Décryptage #3 | Rupture[s]

Automatiser la cartographie des dunes...

Magazine Science & Société | Décryptage #3 | Rupture[s]

 

Entre dunes et calottes glaciaires, Paul Bessin et Édouard Ravier vous racontent l'étude de ces terrains contraires. Écoutez le podcast !

 

Si le cliché du cartographe ou du géologue en train de faire des relevés manuels sur le terrain n’est pas encore révolu, les images à haute définition et l’intelligence artificielle modifient profondément leurs méthodologies de recherche et leurs pratiques.

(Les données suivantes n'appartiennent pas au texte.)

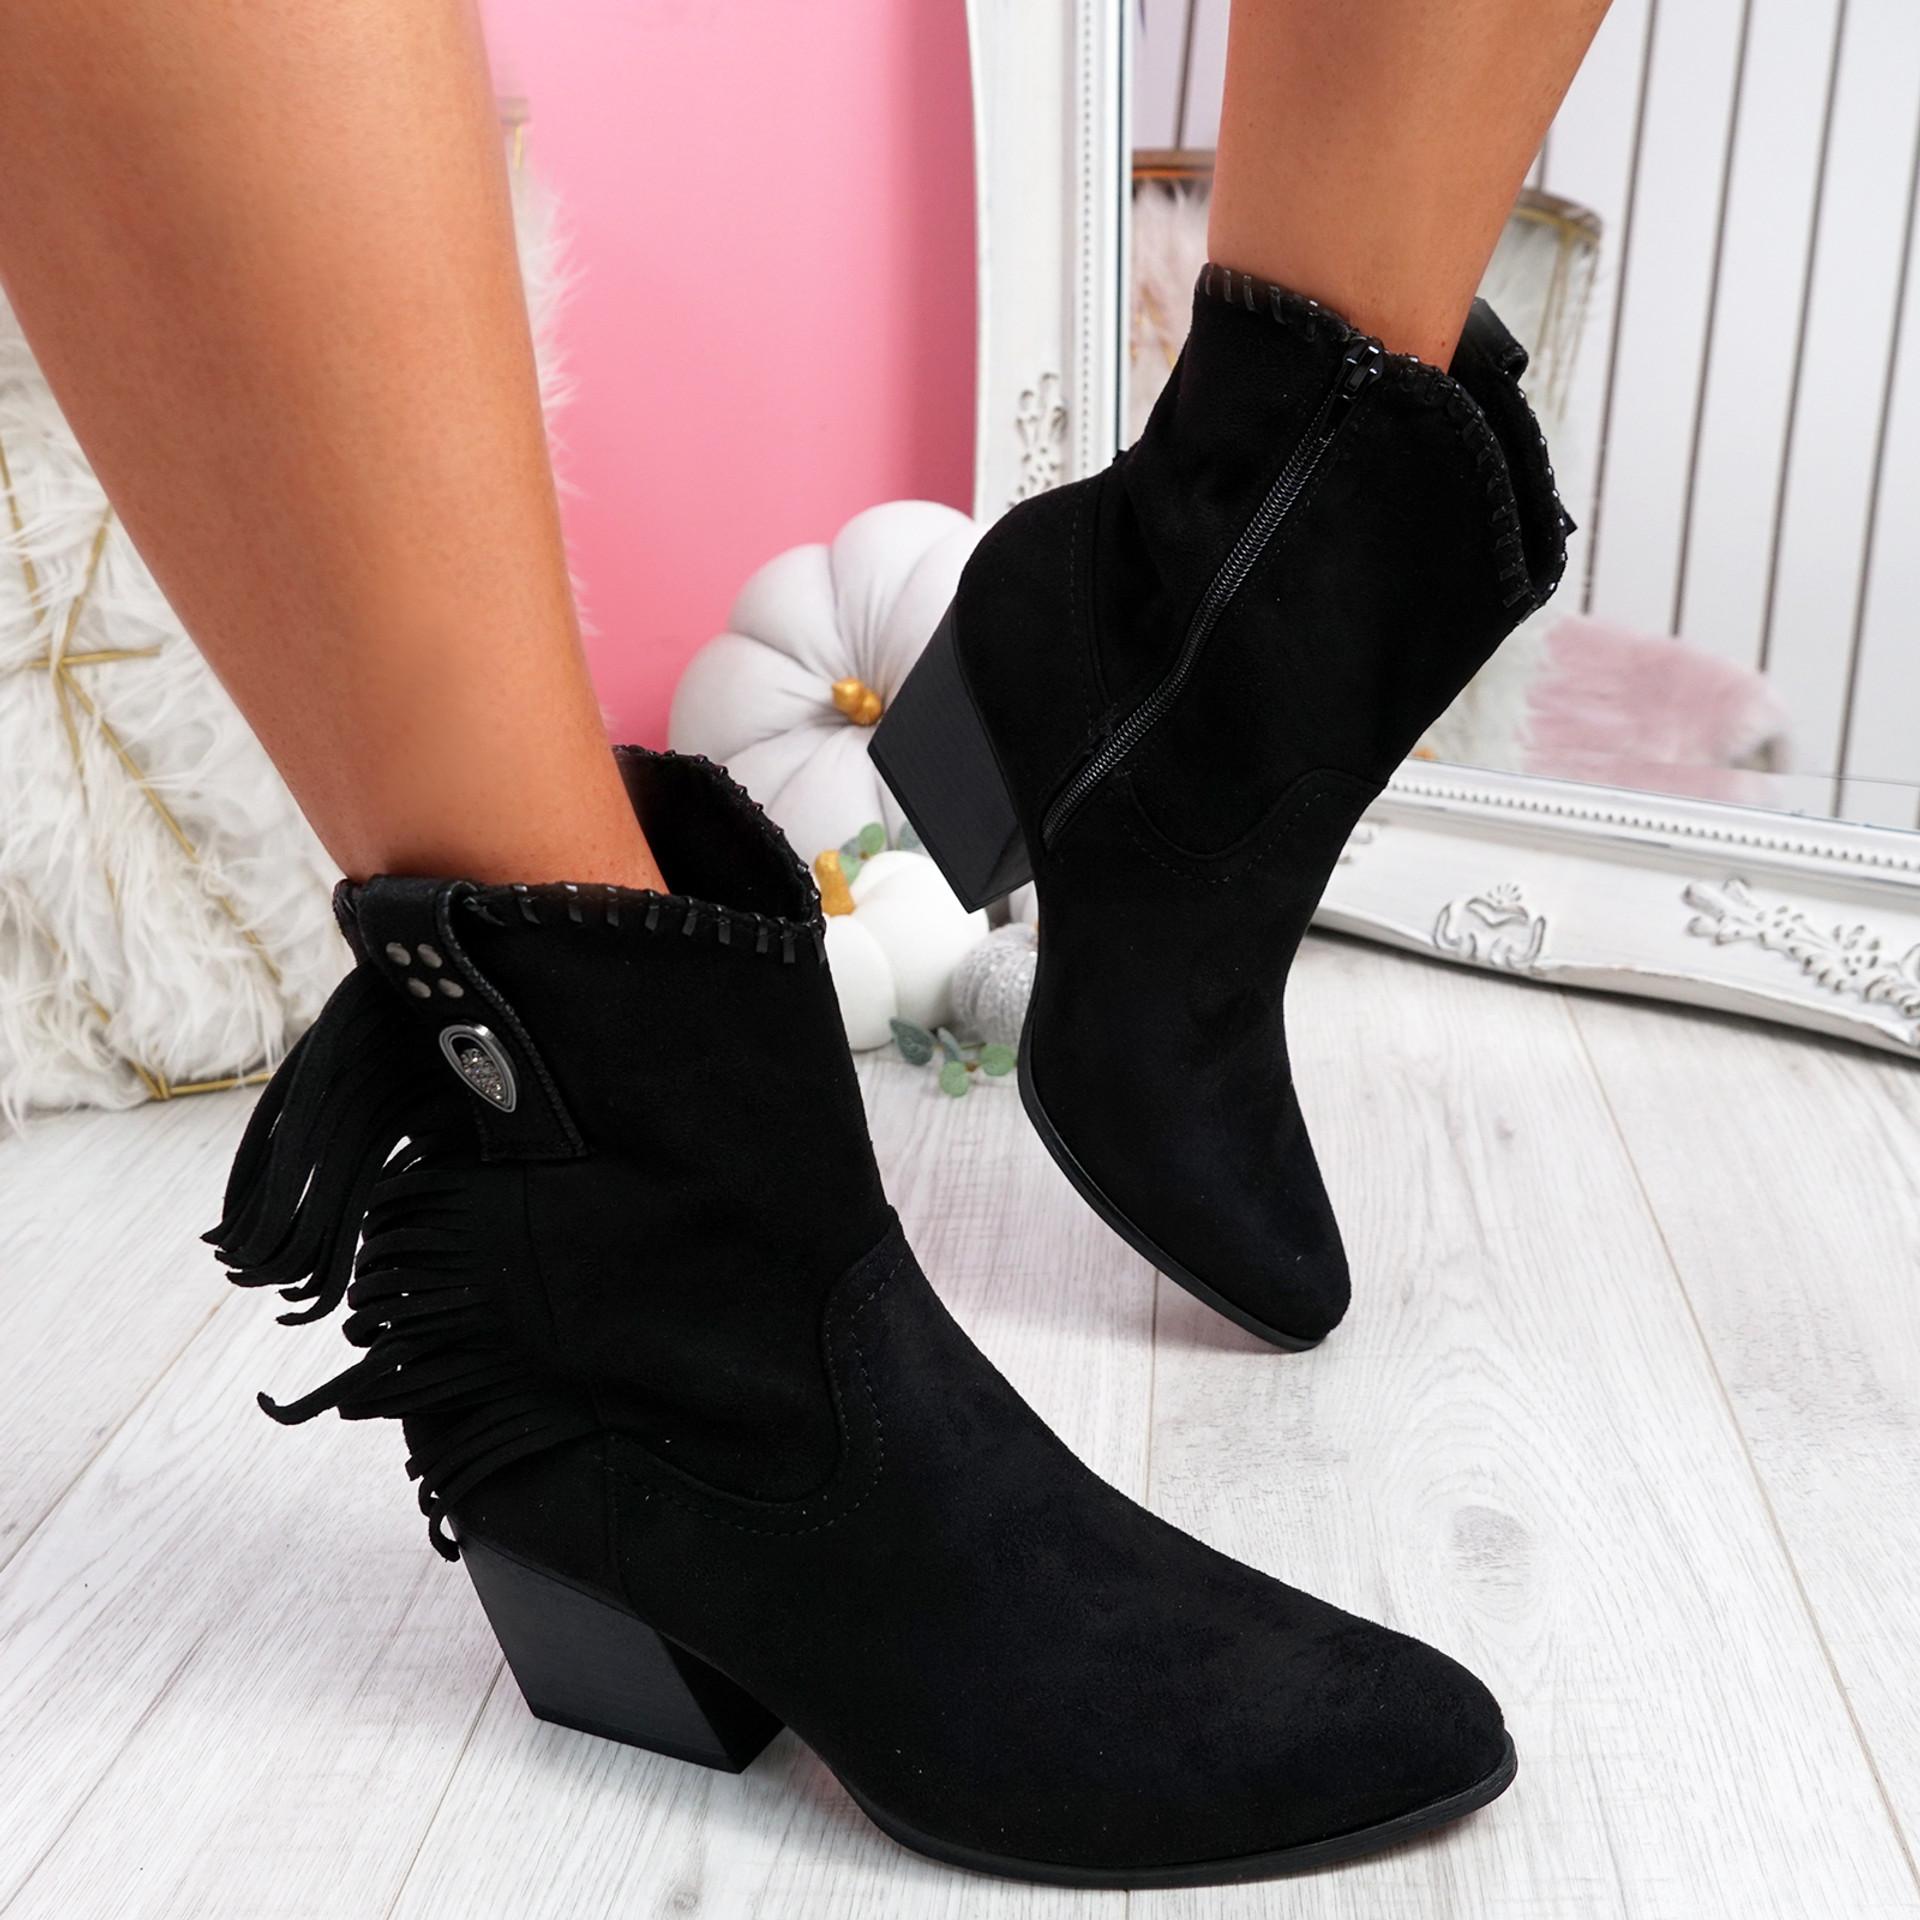 Numpy Black Fringe Ankle Boots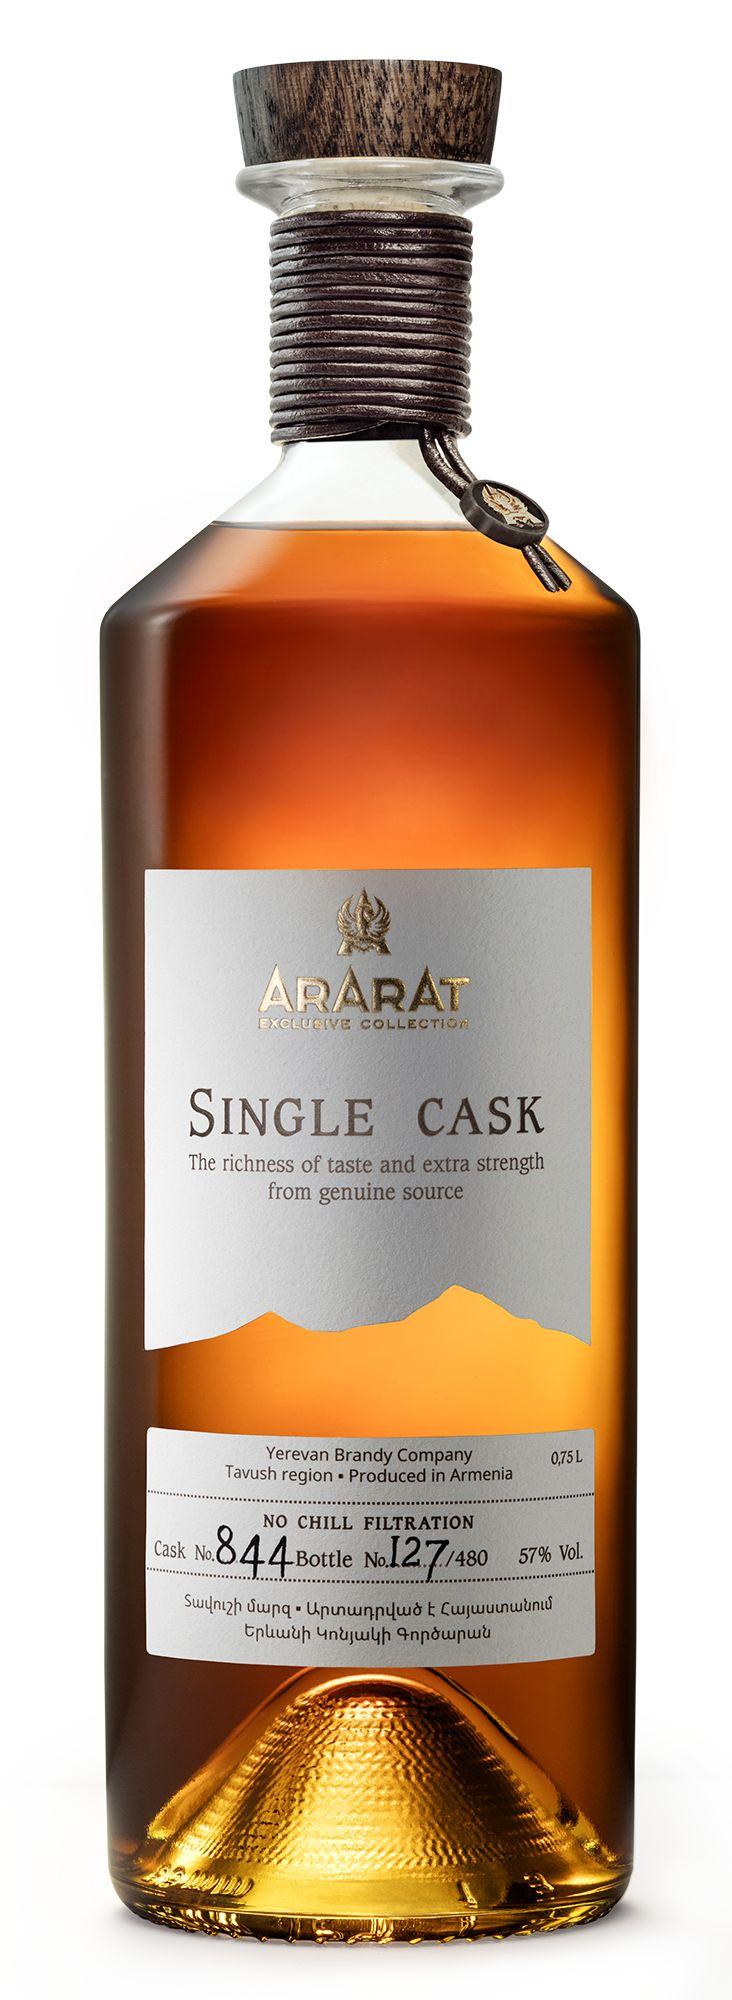 ARARAT Single Cask #moodshot #brandy #packaging #barrel #cask #ybc #cognac #armenia #bottle #sun #amber #gold

Cartographier des dunes « à la main » ne serait-il pas un acte « subjectif », même lorsque nous y sommes aidés par notre ordinateur ? Paul Bessin, enseignant-chercheur en géosciences, répond « oui », sans détour : « C’est une réflexion qui nous revient souvent. On nous dit que nous voyons sur le terrain ce que nous voulons bien voir. En plus, l’application des techniques anciennes prend un temps fou ». L’intelligence artificielle se montrera-t-elle donc plus objective ? Une partie de la réponse sera accessible dans quelques mois, à travers les résultats des projets CALEPAB et BEDFORMAP*.
Depuis deux ans, le Laboratoire de Planétologie et Géosciences (LPG - UMR CNRS 6112) supervise une thèse portant sur l’automatisation de la cartographie des dunes, afin d’aller plus vite, de capter de plus grandes zones, avec des critères objectifs de pente, de forme, etc. » poursuit le chercheur.

Les dunes se construisent à partir de l’interaction entre un fluide qui s’écoule, en l’occurrence l’air, et la quantité de sable disponible. Les informations sont issues d’images satellites, de données topographiques à hautes résolutions (jusqu’à 1 pixel par mètre), et sont traitées via l’intelligence artificielle et le deep learning (apprentissage profond). Et si les non-initiés pensent que les dunes ne sont que des objets continus, voire indéterminés, les spécialistes parviennent bien à caractériser leur contour et leur ligne de crête.
« Nous pouvons même étudier les petites dunes placées sur les grandes dunes », détaille Paul Bessin. Par exemple, les chercheurs prévoient de retourner, équipés de drones, sur la dune du Pyla, pour étudier les plus petites dunes, appelées rides, qui ne mesurent qu’un centimètre de hauteur sur quatre centimètres de large. Ces rides leur donnent du fil à retordre. Actuellement, aucun outil ne parvient à les cartographier de manière fiable.

« Quant aux grands champs, comme dans les déserts par exemple, les dunes y sont souvent superposées et complexes. » Grâce au projet, les chercheurs veulent comprendre comment les dunes « s’organisent » entre elles, comment les petites dunes « nourrissent » (ou pas) les plus grandes et comment il est possible de les classifier les unes par rapport aux autres. S’ils parviennent à mettre en place une méthode de cartographie suffisamment robuste, ils pourront alors suivre l’évolution des champs de dunes au fil du temps.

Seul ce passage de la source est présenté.